TASK BRIEF
With the pictures left out, retype exactly the lines below starting at the line that contains "Presidente del Parlamento" and ending at the line that contains "att genomföra nybyggnad".

GIVEN ENTRIES
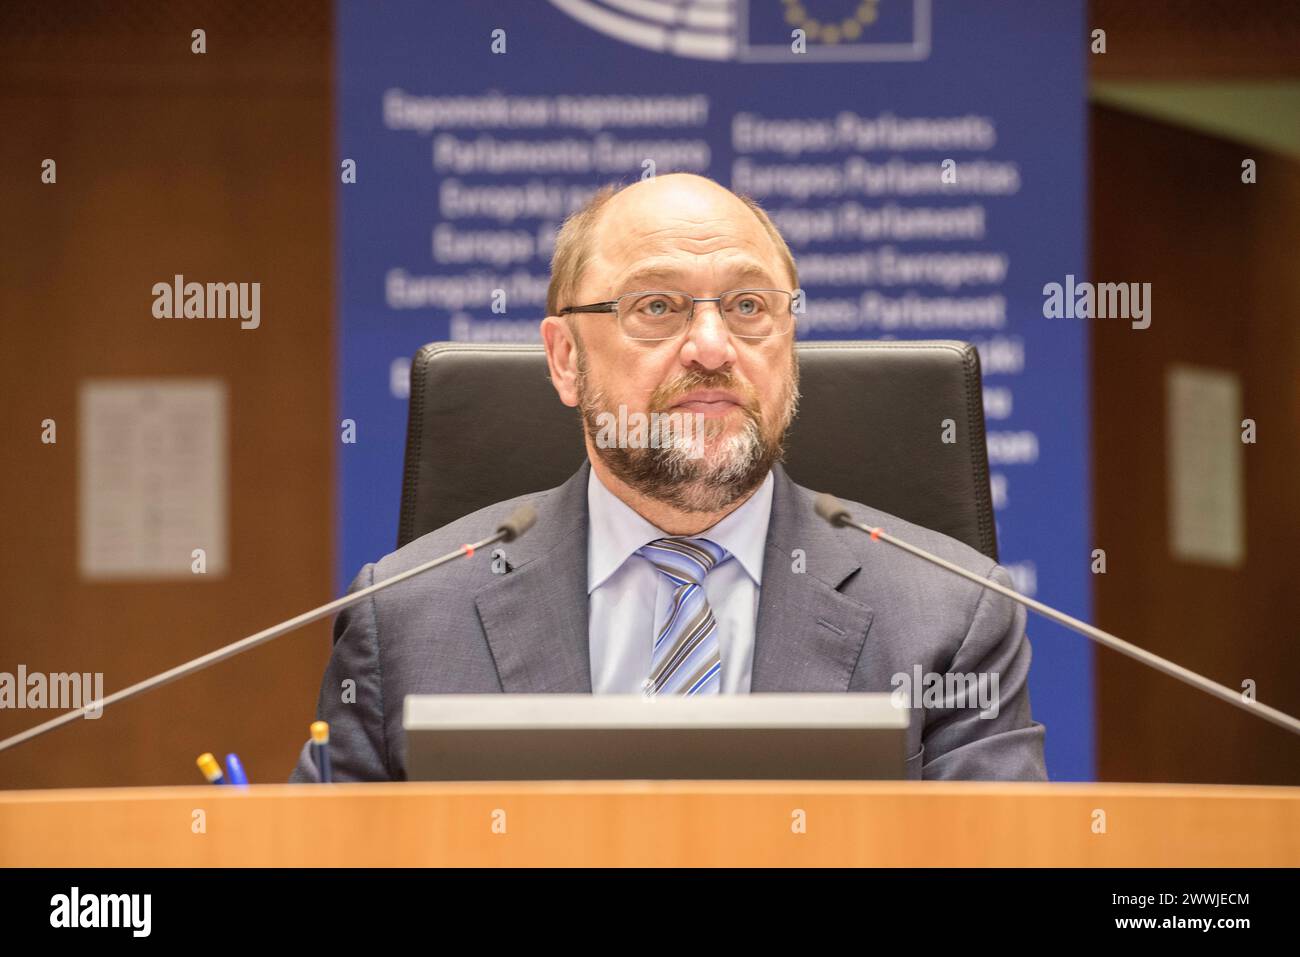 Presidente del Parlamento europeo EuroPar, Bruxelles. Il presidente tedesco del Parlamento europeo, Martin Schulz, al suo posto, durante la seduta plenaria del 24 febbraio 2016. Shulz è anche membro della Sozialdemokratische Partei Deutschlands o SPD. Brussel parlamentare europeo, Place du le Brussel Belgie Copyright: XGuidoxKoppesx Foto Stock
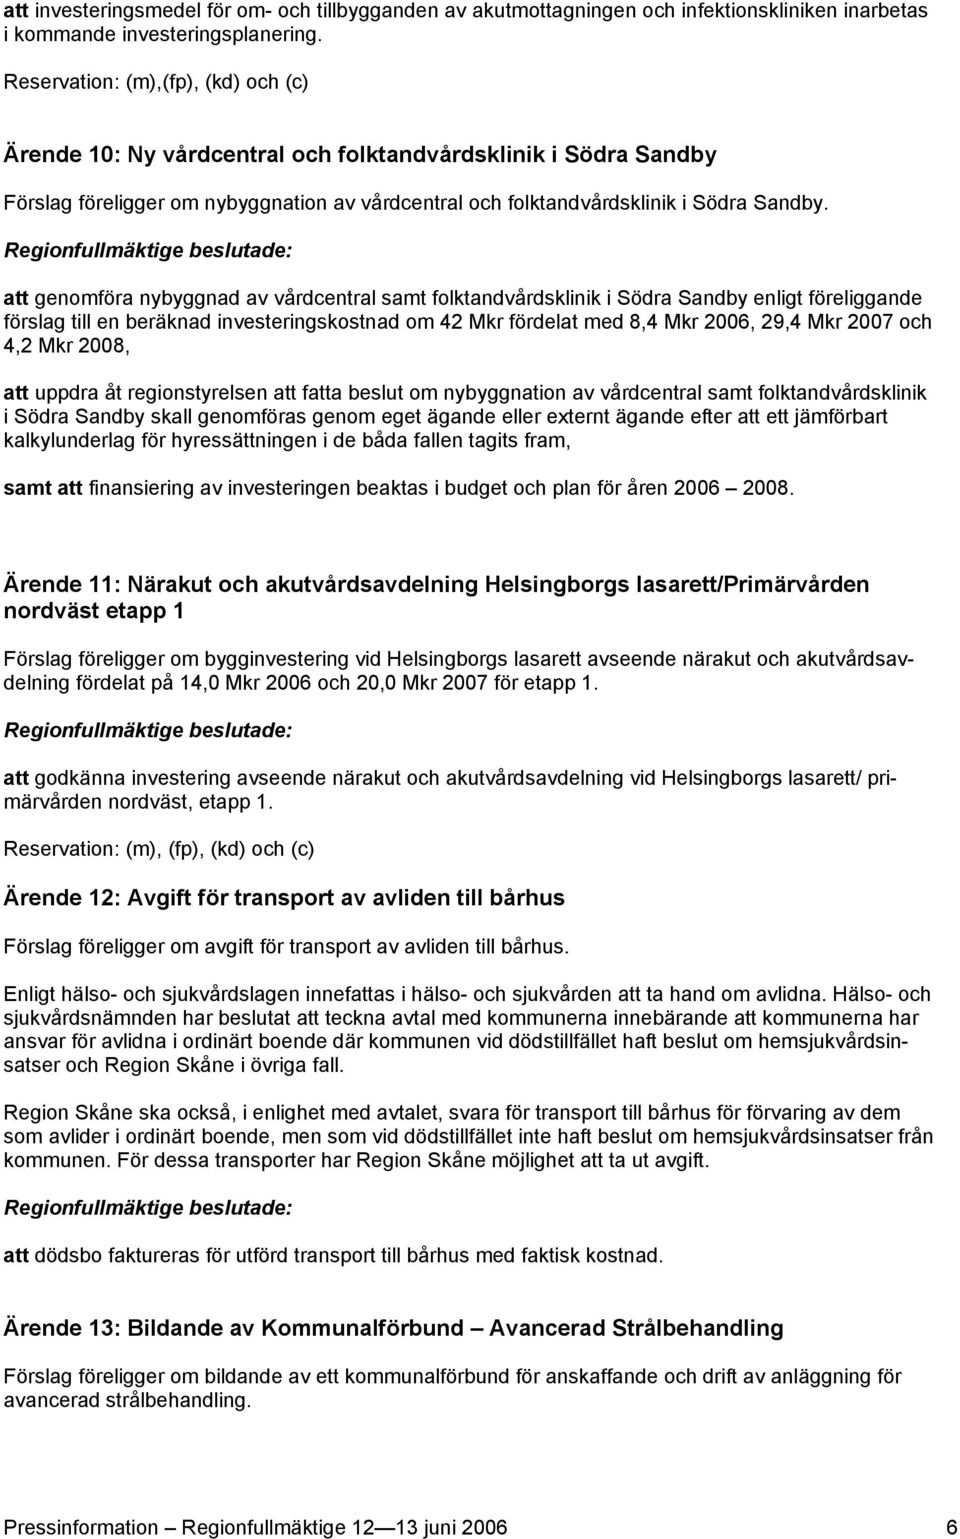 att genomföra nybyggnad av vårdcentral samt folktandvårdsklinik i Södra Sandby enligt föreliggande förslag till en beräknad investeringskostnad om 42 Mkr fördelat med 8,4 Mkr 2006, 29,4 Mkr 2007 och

==

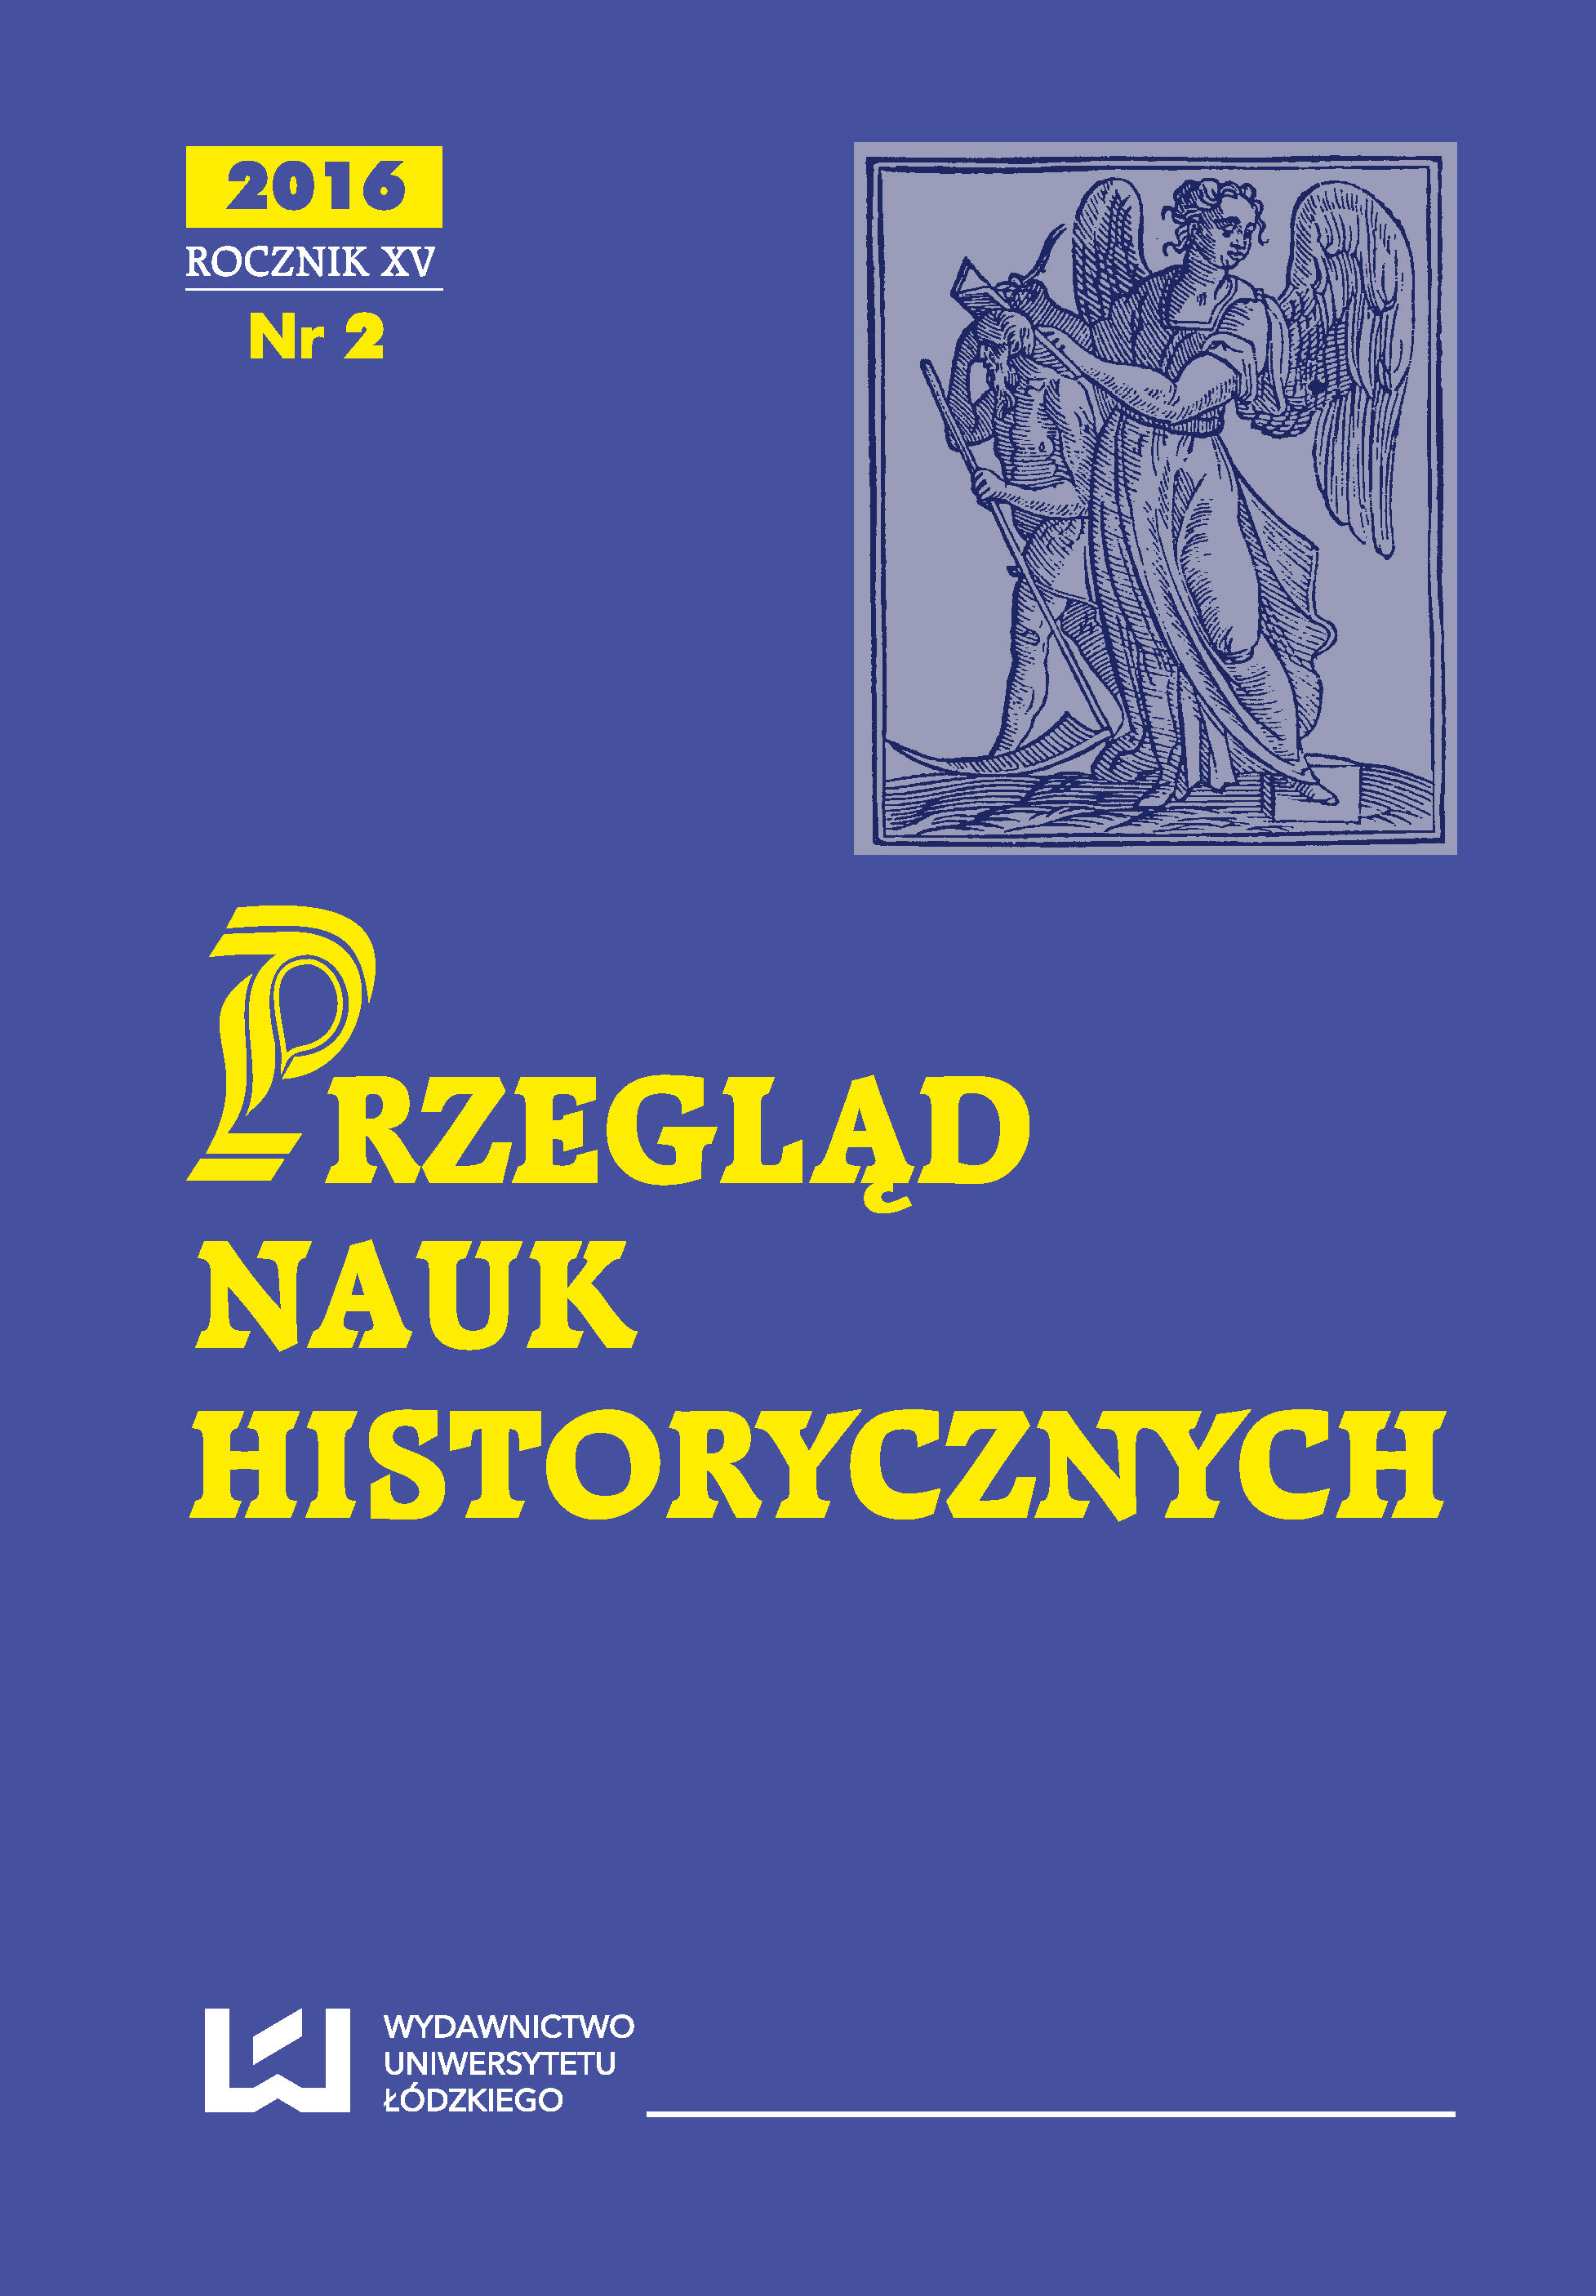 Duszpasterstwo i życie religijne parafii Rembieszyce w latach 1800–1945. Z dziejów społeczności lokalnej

---

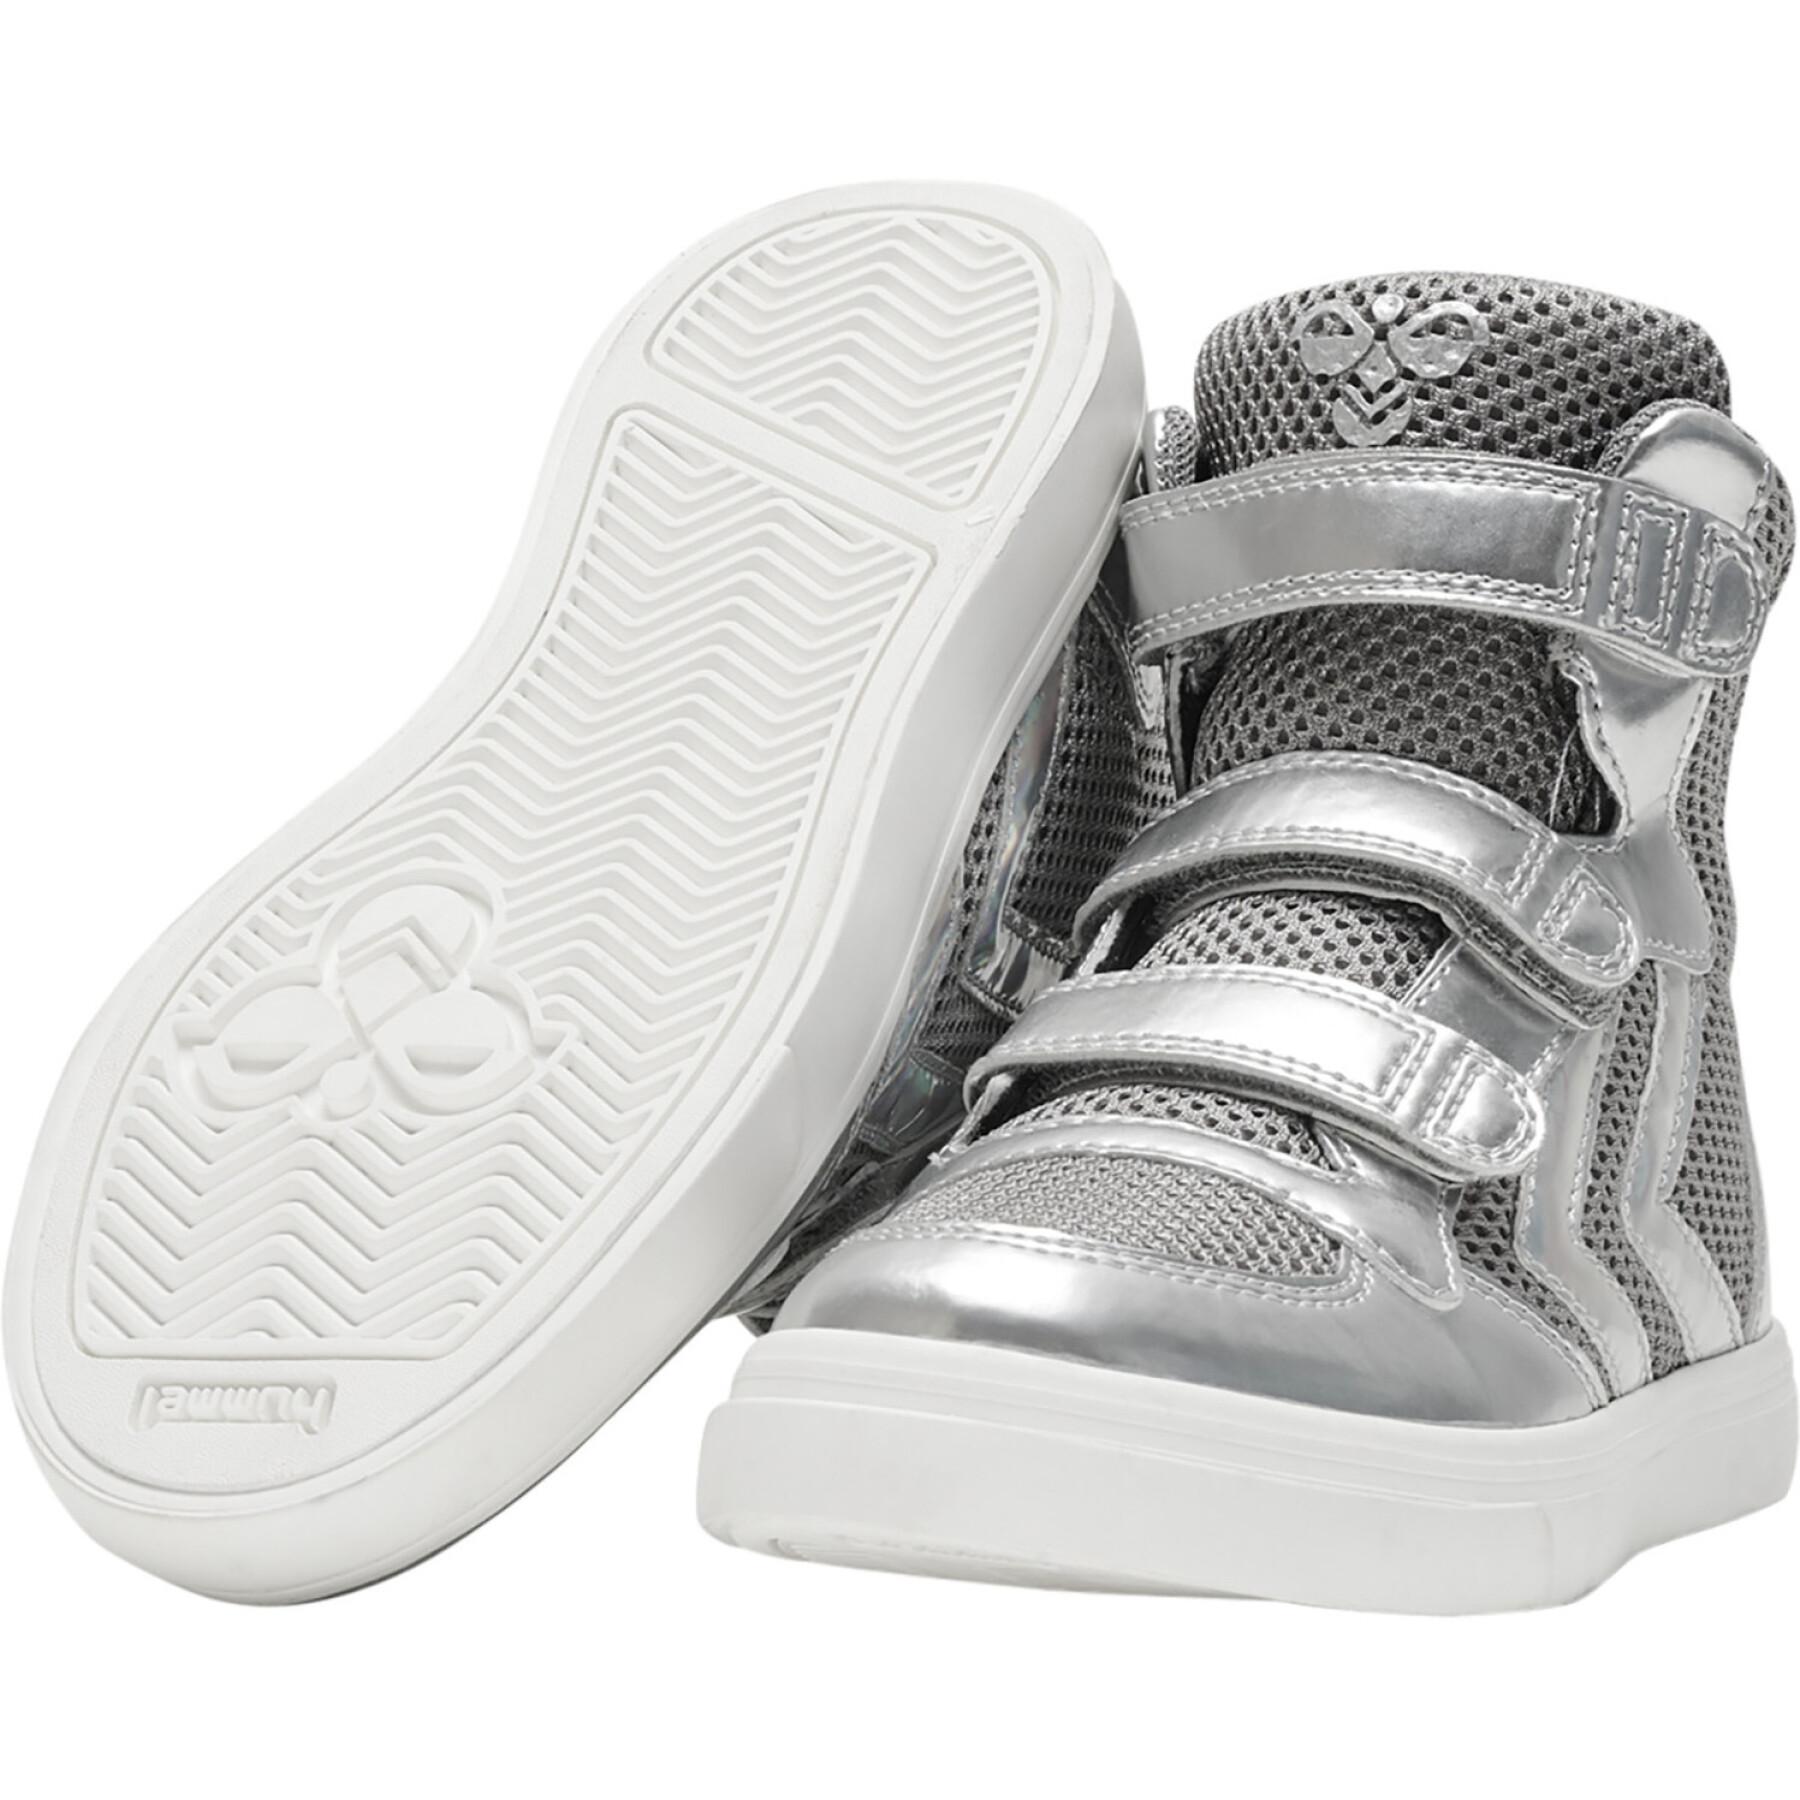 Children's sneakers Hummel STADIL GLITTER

TASK SOLUTION
 Presidente del Parlamento europeo EuroPar, Bruxelles. Il presidente tedesco del Parlamento europeo, Martin Schulz, al suo posto, durante la seduta plenaria del 24 febbraio 2016. Shulz è anche membro della Sozialdemokratische Partei Deutschlands o SPD. Brussel parlamentare europeo, Place du le Brussel Belgie Copyright: XGuidoxKoppesx Foto Stock
 att genomföra nybyggnad av vårdcentral samt folktandvårdsklinik i Södra Sandby enligt föreliggande förslag till en beräknad investeringskostnad om 42 Mkr fördelat med 8,4 Mkr 2006, 29,4 Mkr 2007 och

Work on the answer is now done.